To understand the underlying process, I would strongly recommend you read CMU’s rendering lecture, which includes a detailed implementation, and The Siggraph course , especially the distance sampling part, which includes a vivid explanation. Here, I only provide an informal proof of correctness:

\(\langle L \rangle = \frac{\mu_s}{\mu_t}P(X < z)L_s + P(X \ge z)L_o\) \(= \frac{T(t)}{p(t)}\mu_s P(X < z)f(\omega, \bar{\omega})L_s/p(\bar{\omega}) + P(X \ge z)\frac{T(z)}{P(X \ge z)}L_o\), since \(\frac{T(t)}{p(t)} = \frac{1}{\mu_t}\), \(f(\omega, \bar{\omega}) = p(\bar{\omega})\) in isotropic situation, and \(T(z) = P(X \ge z)\).

Therefore, \(\overline{E}(L) = \int_{0}^{z}T(y)\mu_s L_sdy + T(z)L_o\), as desired.

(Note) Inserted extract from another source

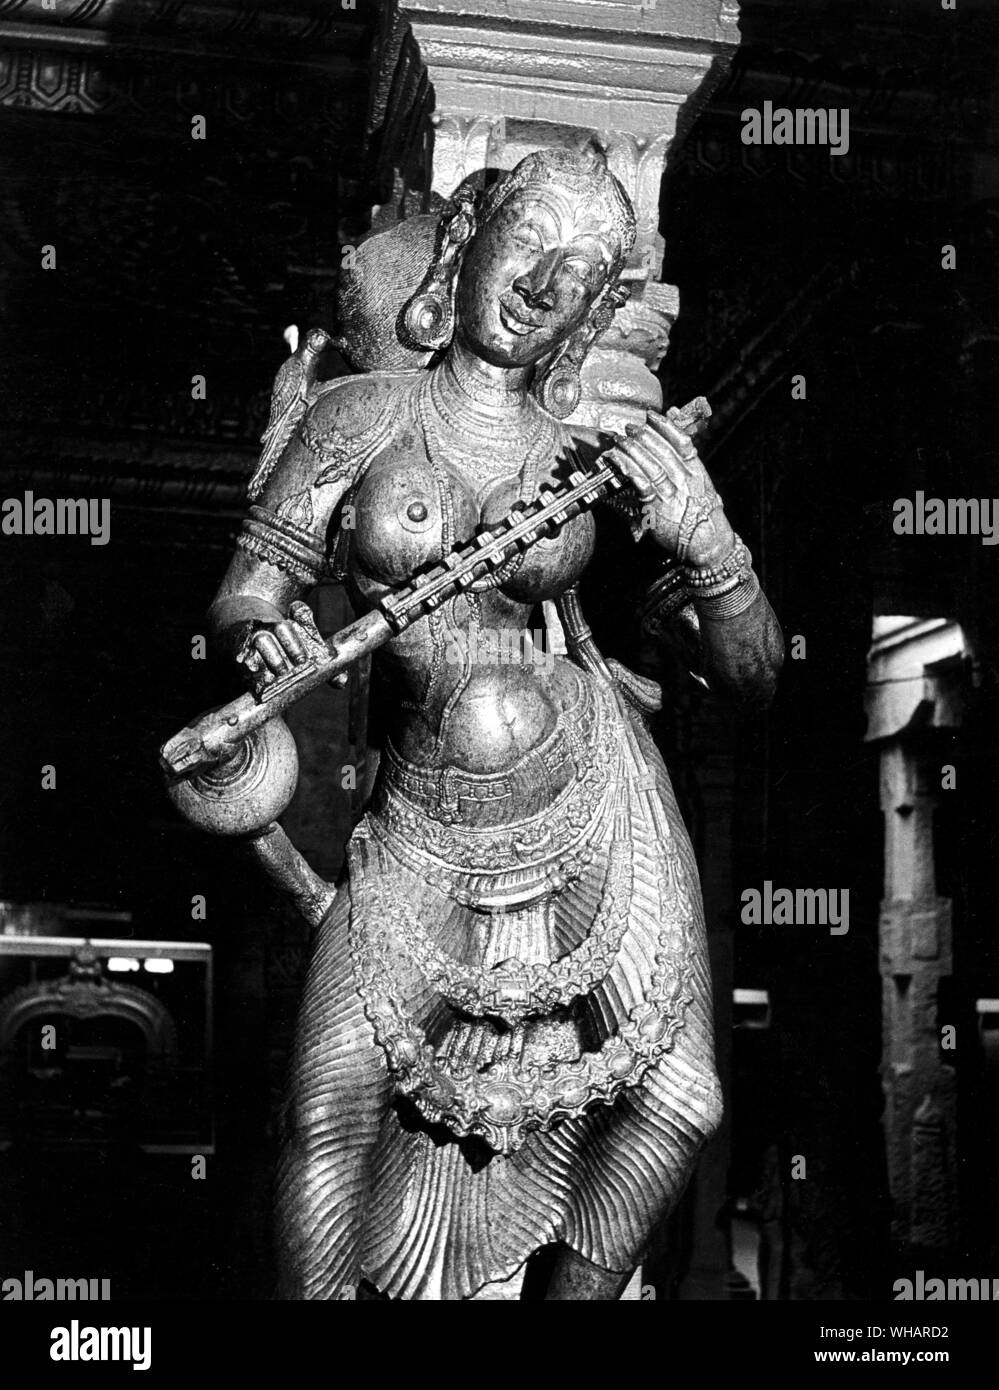 Madunai. Saraswathy diosa de la sabiduría con la Veena. Saraswati, la diosa de la sabiduría, el arte y la música es la hija del señor Shiva y de la Diosa Durga. Se cree que la diosa Saraswati dota a los seres humanos con los poderes de la voz, la sabiduría y el aprendizaje. Ella tiene cuatro manos que representan cuatro aspectos de la personalidad humana en el aprendizaje: la mente, el intelecto, la lucidez mental y el ego. Ella tiene las sagradas escrituras en una mano y un loto - el símbolo del conocimiento verdadero - en el segundo. Con sus dos manos ella reproduce la música del amor y de la vida en un instrumento de cuerda llamado veena. Ella está vestida de blanco - el Foto de stock

Understanding and parameter choosing

What not mentioned in most essays is how to choose good \(\mu_t\) and \(\mu_s\). Generally, this is related to the size of your scene. To explain this, let’s understand the above implementation in an intuitive way:

Empirically, I would set \(\mu_t / \mu_a\) to a very large number, e.g., \(10:1\) to \(50:1\), such that the whole scene is not too dark while the scattering is clearly visible. Regarding their absolute value, I prefer to make the median free path be around half of the depth of the scene to achieve a reasonable proportion between the scattering term and the surface term. A very high \(\mu_t\) would make most of the scene pure black, since the photon can hardly reach a light source. On the other hand, a low \(\mu_t\) would make the media less obvious.